### Problem to work on
What is needed is an exact repetition of the lines below, from the first one through the one holding "AAA - Blue Sapphire", with no pictures and nothing else.

Data records
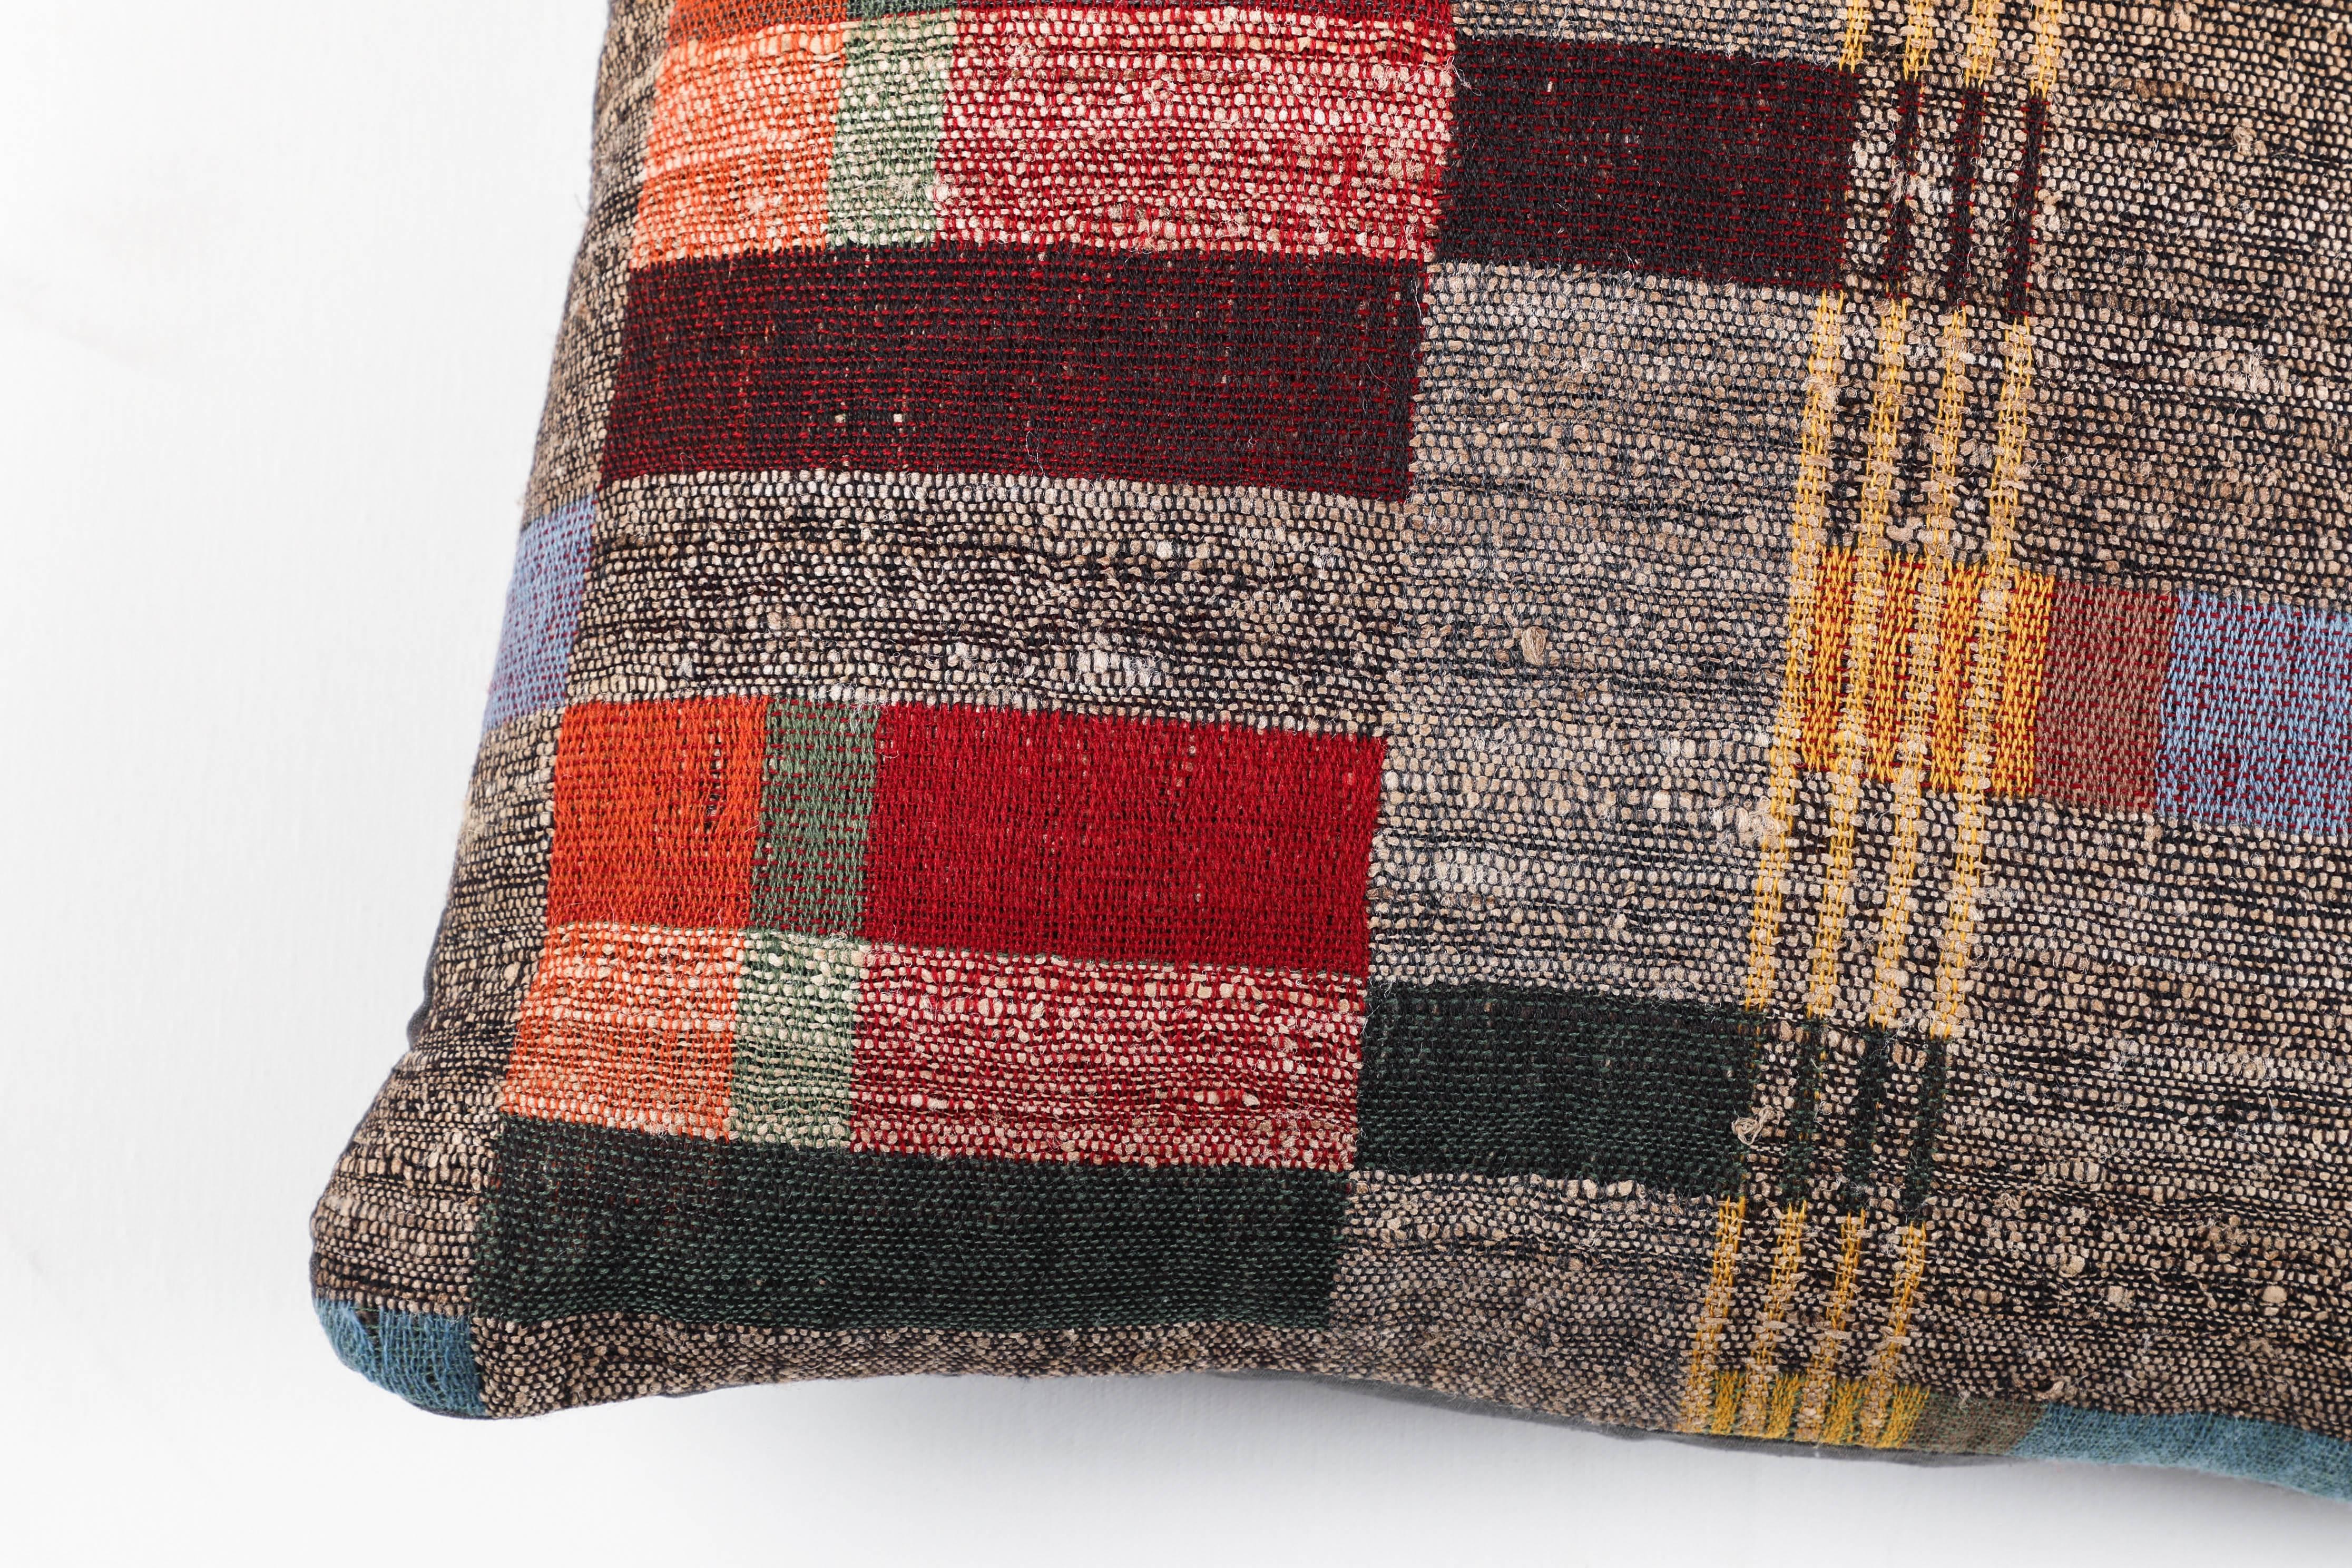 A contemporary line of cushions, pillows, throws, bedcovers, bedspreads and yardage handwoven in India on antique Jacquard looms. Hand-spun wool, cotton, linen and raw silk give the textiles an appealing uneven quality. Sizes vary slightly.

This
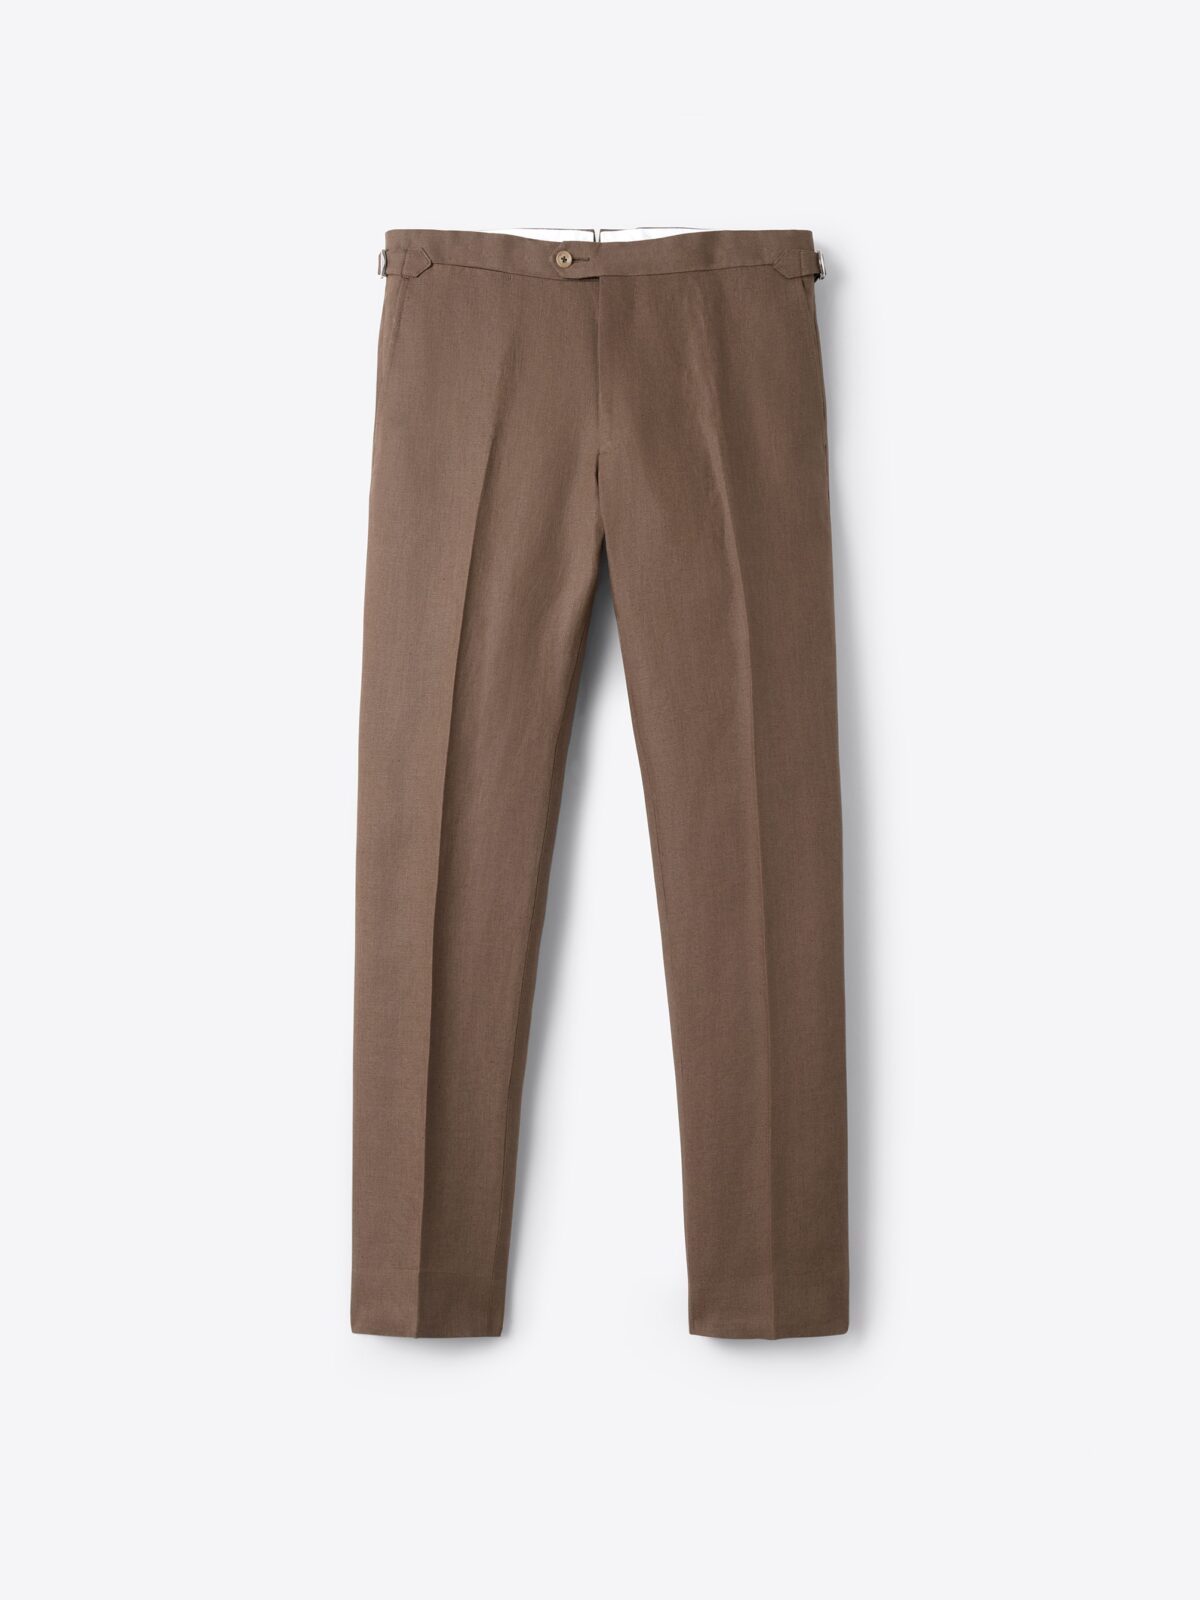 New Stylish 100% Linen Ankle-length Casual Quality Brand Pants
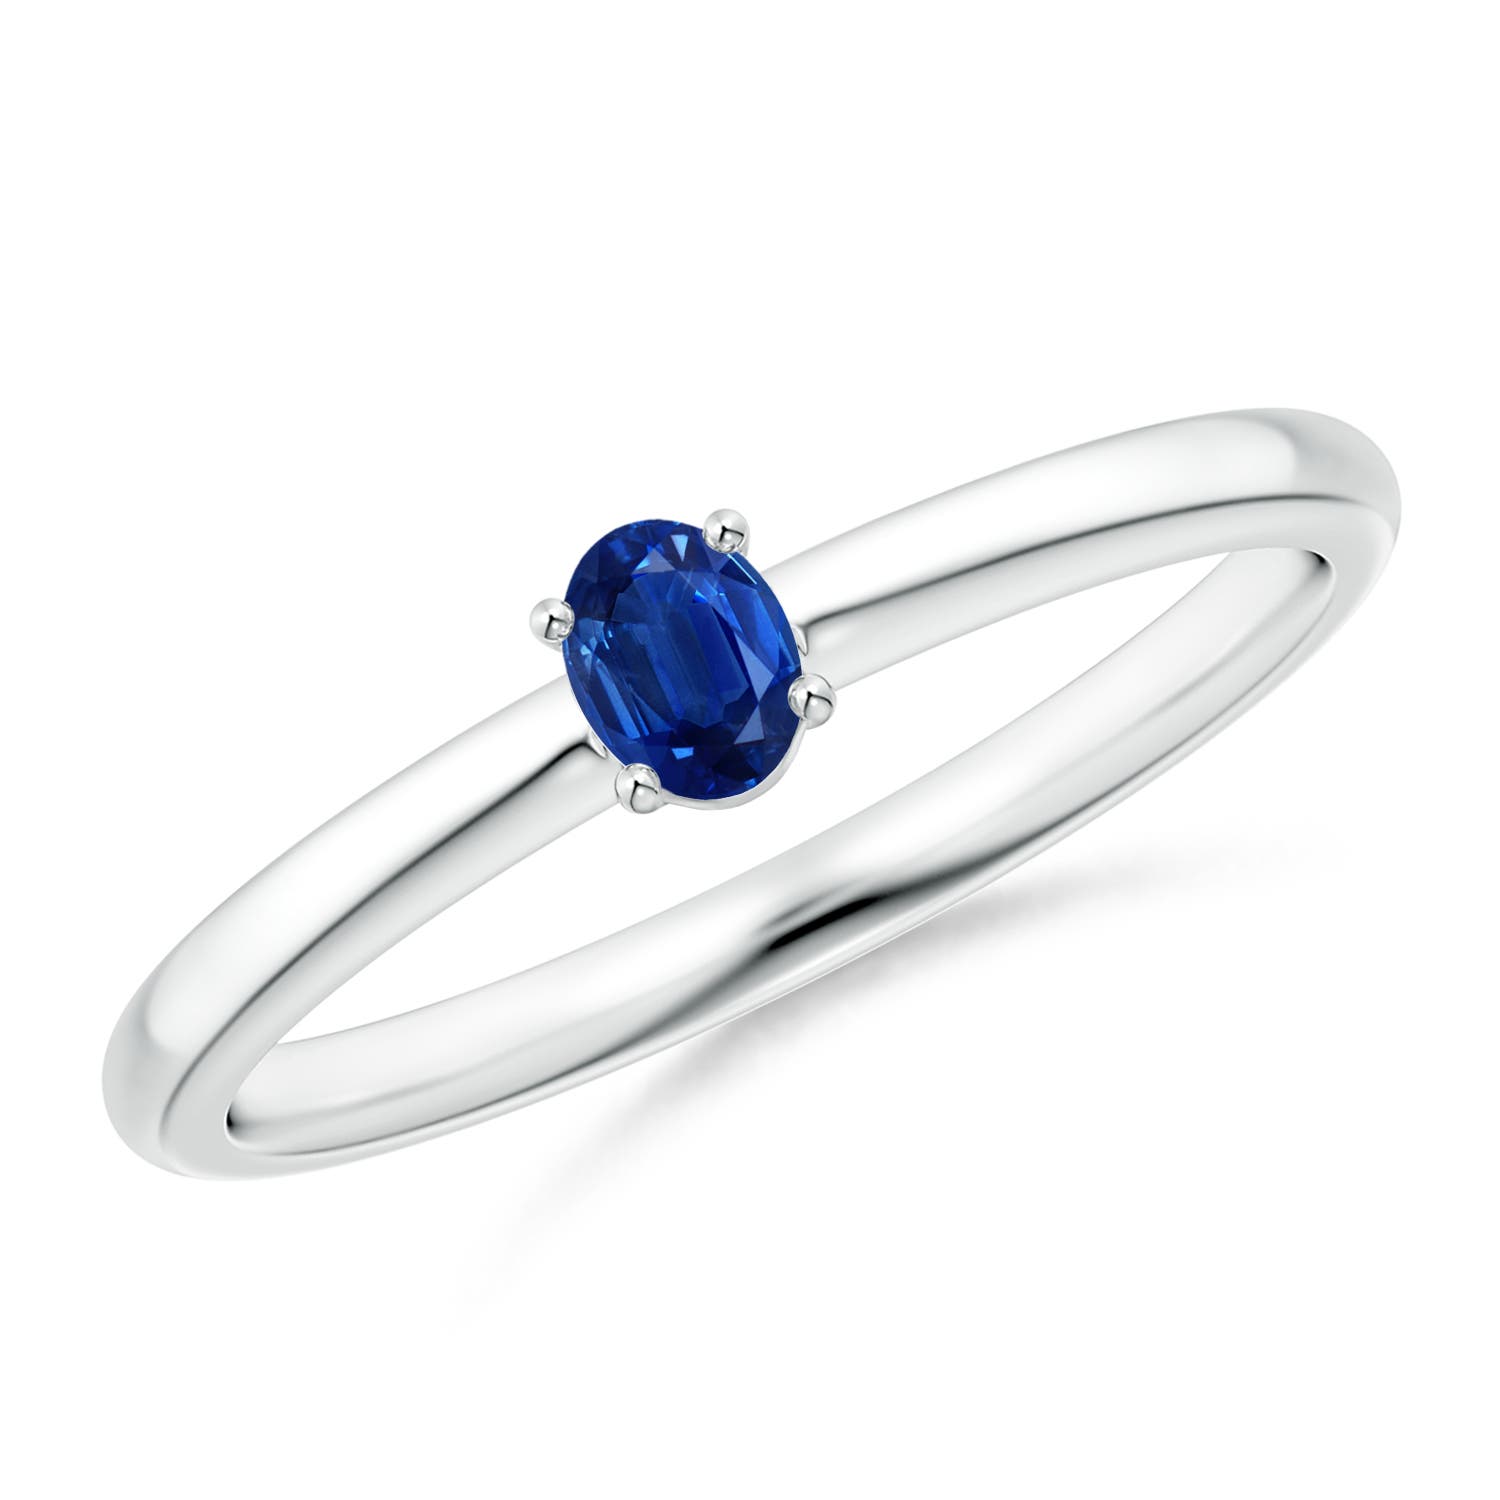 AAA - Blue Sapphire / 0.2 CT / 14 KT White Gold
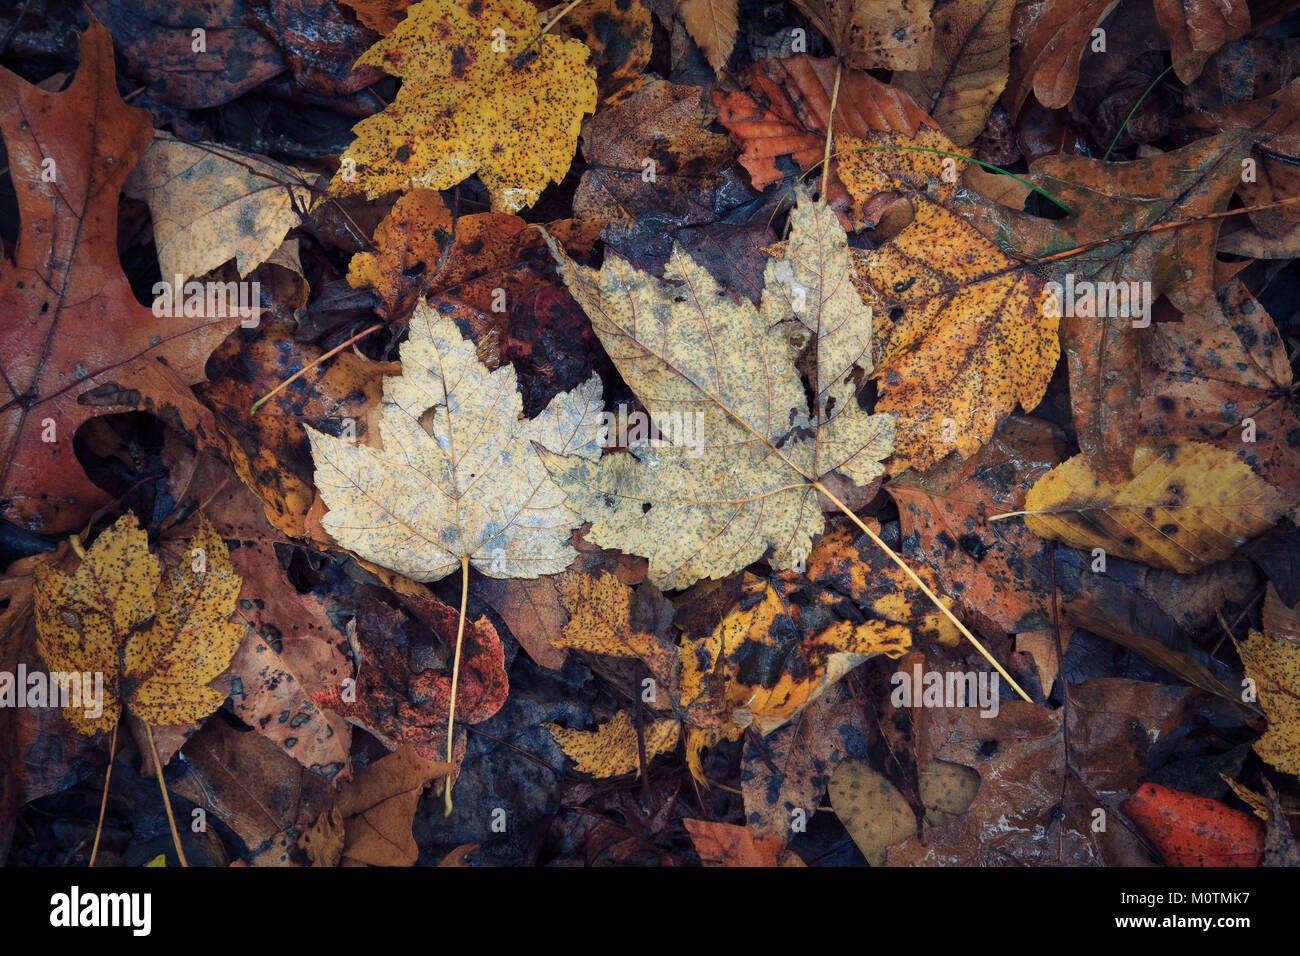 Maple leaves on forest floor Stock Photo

### Output for this task
 A contemporary line of cushions, pillows, throws, bedcovers, bedspreads and yardage handwoven in India on antique Jacquard looms. Hand-spun wool, cotton, linen and raw silk give the textiles an appealing uneven quality. Sizes vary slightly.

This
 New Stylish 100% Linen Ankle-length Casual Quality Brand Pants
 AAA - Blue Sapphire / 0.2 CT / 14 KT White Gold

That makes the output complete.